** Source material follows **

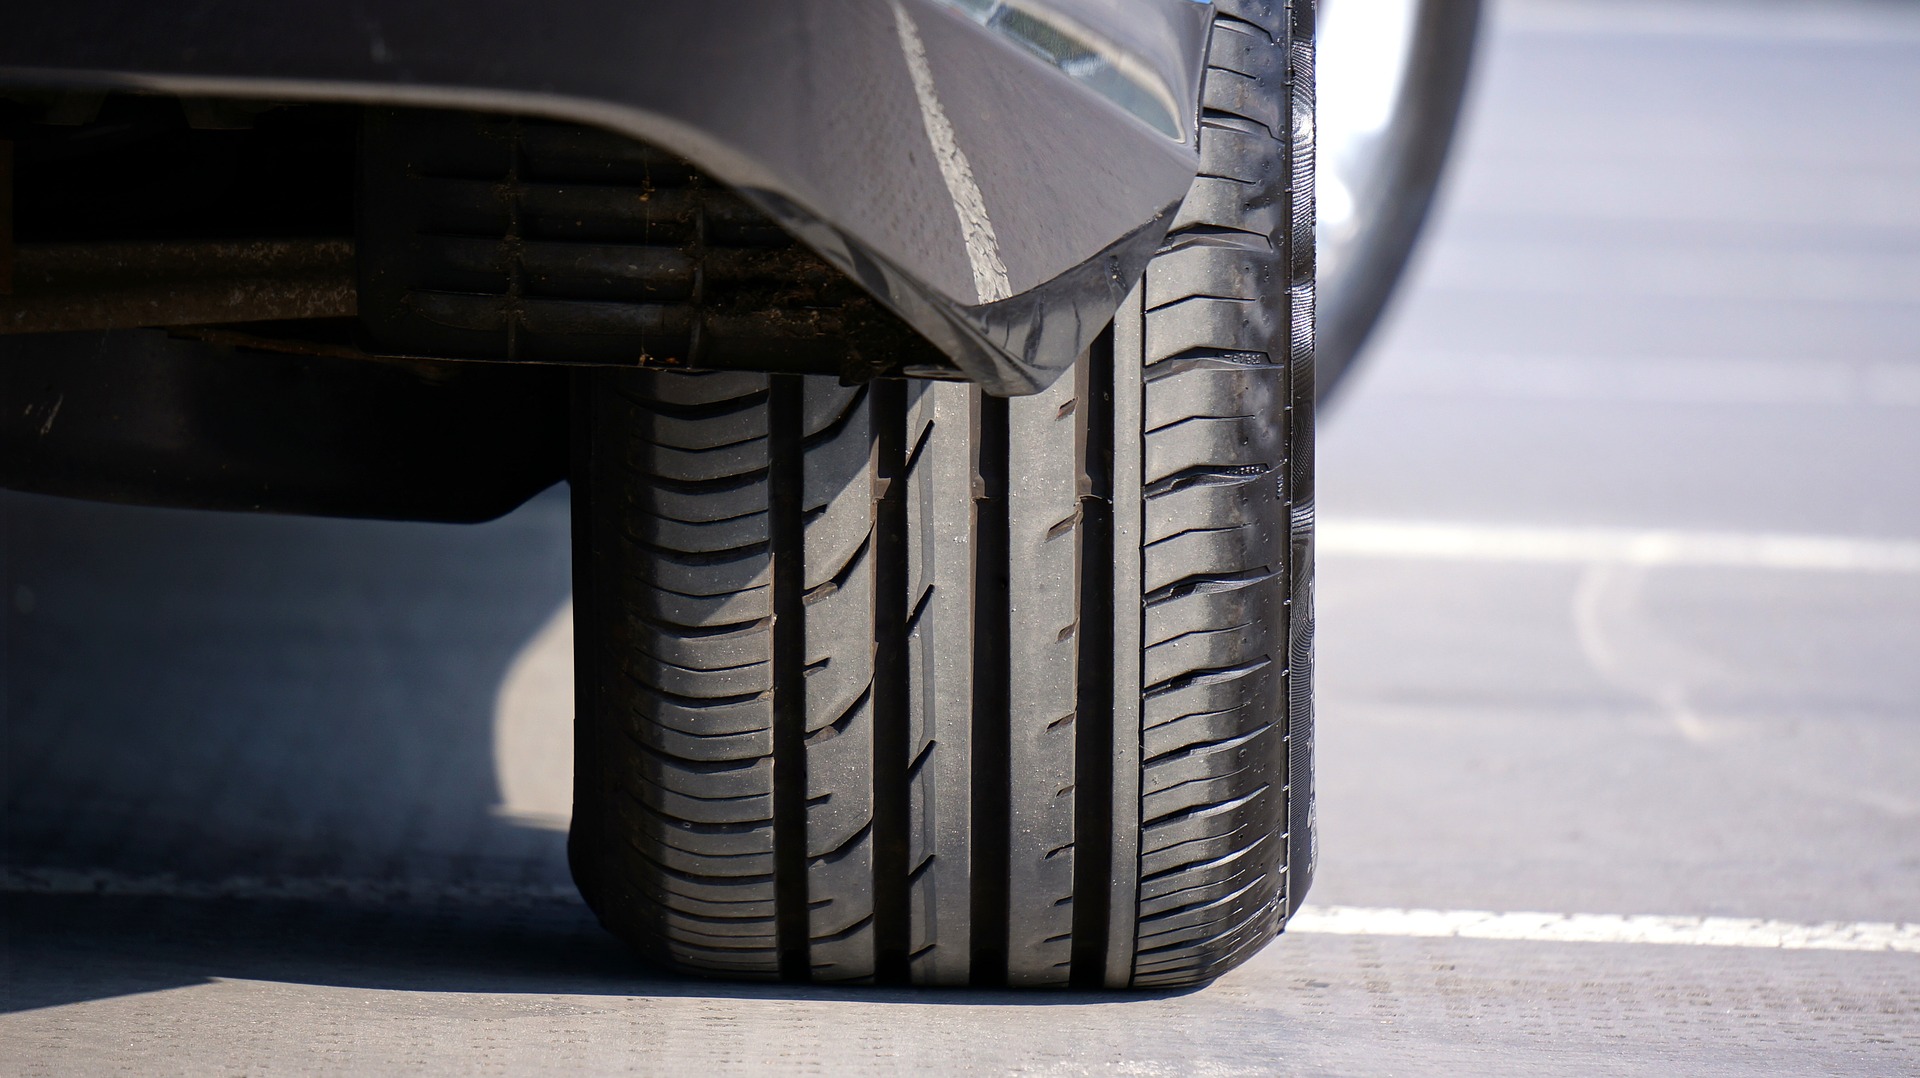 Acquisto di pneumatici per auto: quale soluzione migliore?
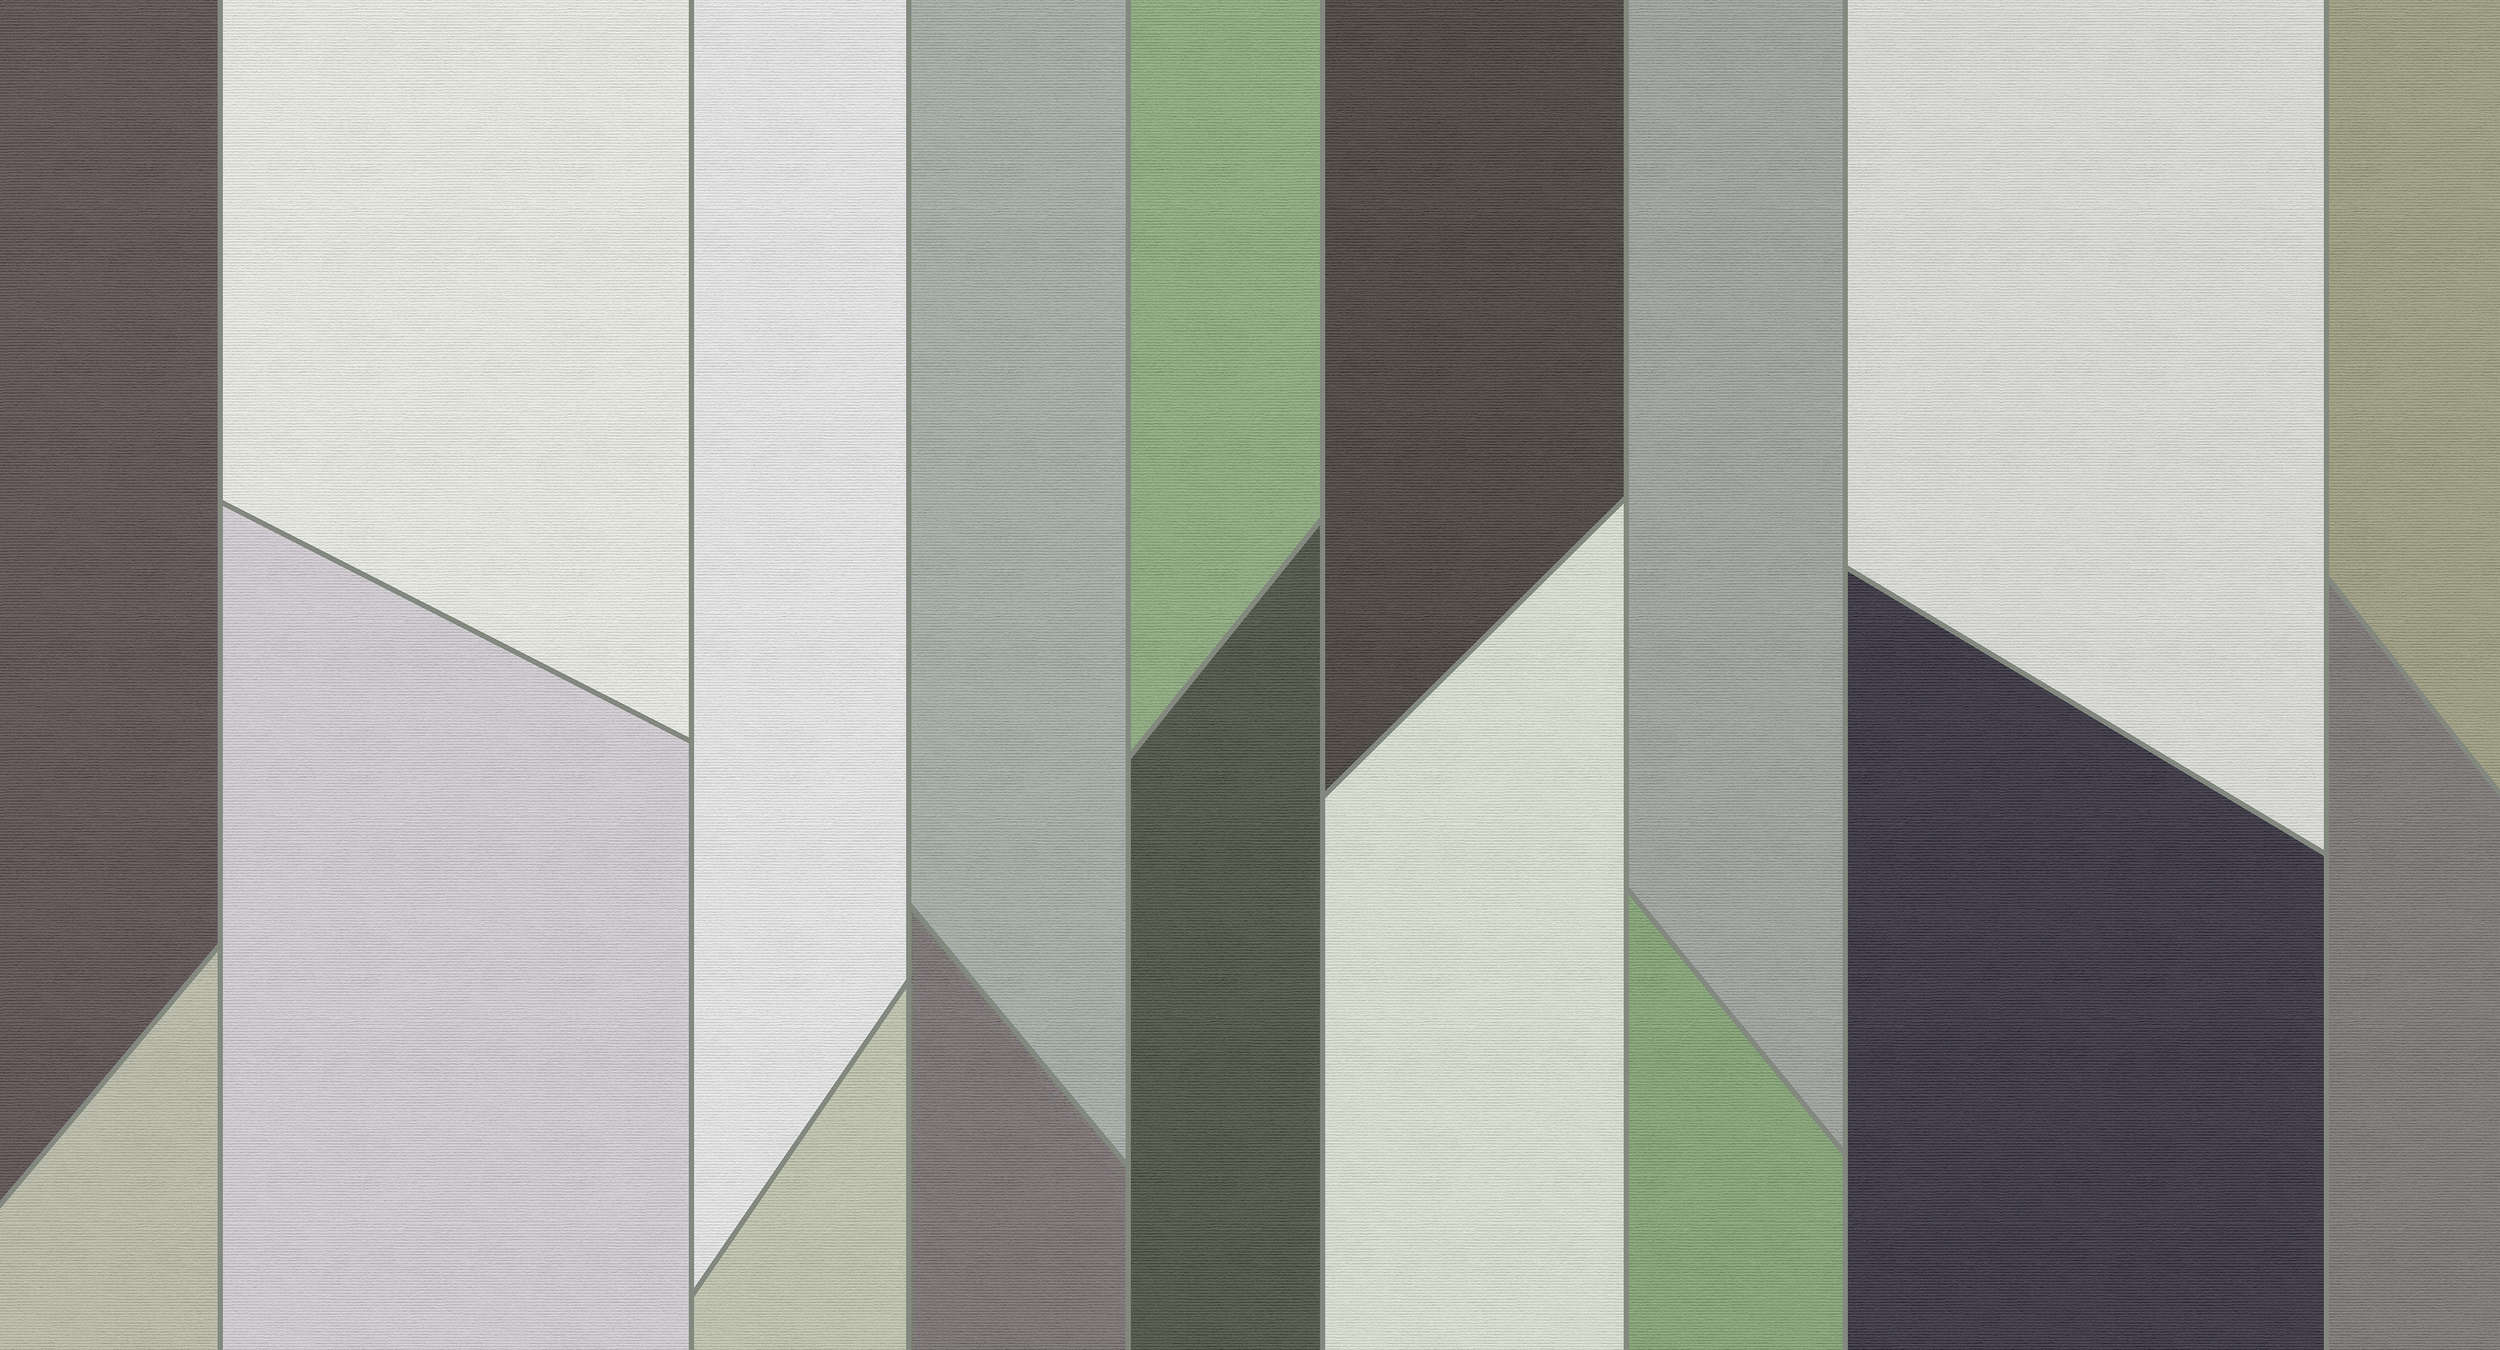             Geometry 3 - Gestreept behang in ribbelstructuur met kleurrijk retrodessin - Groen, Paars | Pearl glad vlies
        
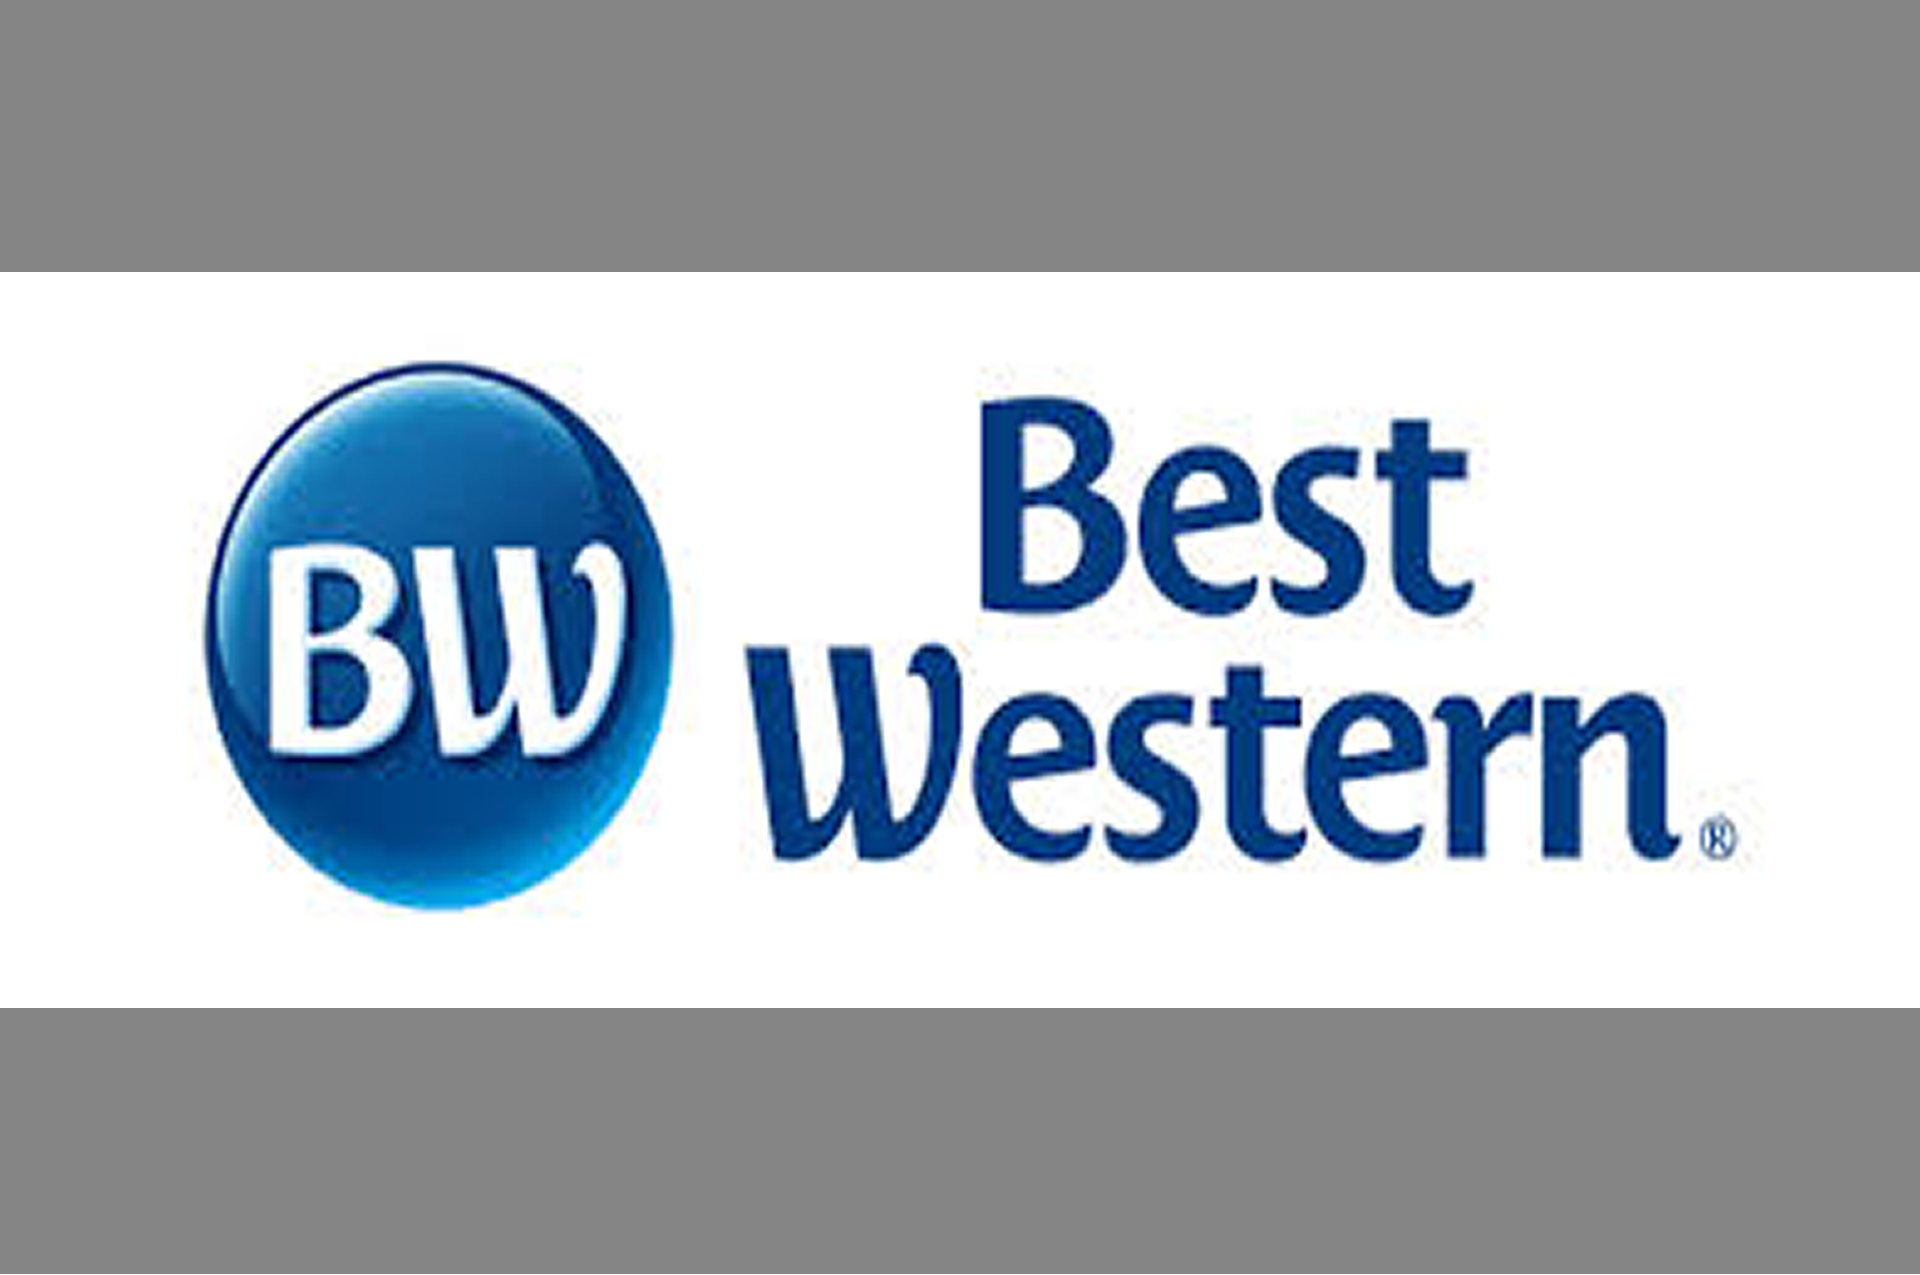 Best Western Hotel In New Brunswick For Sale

** End of Source material **

**Your objective**
Would you output the data above exactly as written, but with no images?

**Written answer**
 Acquisto di pneumatici per auto: quale soluzione migliore?
             Geometry 3 - Gestreept behang in ribbelstructuur met kleurrijk retrodessin - Groen, Paars | Pearl glad vlies
        
 Best Western Hotel In New Brunswick For Sale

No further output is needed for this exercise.